**Prompt:**
Pick out each line of the records that includes the string "field", and copy it.

**Material supplied:**
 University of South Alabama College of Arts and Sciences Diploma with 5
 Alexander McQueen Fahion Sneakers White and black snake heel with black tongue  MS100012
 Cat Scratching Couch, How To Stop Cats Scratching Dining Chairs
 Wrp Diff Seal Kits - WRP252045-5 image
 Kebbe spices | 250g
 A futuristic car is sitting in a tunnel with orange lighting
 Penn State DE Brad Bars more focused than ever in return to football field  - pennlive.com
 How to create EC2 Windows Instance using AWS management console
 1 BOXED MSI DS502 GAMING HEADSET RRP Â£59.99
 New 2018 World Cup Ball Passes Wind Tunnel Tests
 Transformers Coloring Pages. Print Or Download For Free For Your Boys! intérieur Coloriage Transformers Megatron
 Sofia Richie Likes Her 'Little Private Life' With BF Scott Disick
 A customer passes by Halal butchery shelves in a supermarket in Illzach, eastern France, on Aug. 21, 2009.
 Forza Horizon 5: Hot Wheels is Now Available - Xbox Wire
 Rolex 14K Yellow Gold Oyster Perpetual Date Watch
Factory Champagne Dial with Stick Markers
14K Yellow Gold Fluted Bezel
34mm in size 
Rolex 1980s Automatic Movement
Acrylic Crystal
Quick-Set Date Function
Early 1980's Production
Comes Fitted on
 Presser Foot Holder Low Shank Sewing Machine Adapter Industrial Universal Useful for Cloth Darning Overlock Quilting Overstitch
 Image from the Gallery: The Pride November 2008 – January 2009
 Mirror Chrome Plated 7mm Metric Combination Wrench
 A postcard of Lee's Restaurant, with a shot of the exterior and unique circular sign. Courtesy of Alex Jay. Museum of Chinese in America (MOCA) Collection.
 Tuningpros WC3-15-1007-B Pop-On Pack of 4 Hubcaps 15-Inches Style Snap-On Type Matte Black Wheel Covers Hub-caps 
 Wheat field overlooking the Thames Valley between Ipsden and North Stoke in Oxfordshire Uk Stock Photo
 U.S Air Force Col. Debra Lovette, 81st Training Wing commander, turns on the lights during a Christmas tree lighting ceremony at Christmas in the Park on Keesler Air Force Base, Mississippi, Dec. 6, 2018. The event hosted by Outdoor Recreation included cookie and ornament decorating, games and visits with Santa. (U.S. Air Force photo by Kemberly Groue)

**Exercise output:**
 Penn State DE Brad Bars more focused than ever in return to football field  - pennlive.com
 Wheat field overlooking the Thames Valley between Ipsden and North Stoke in Oxfordshire Uk Stock Photo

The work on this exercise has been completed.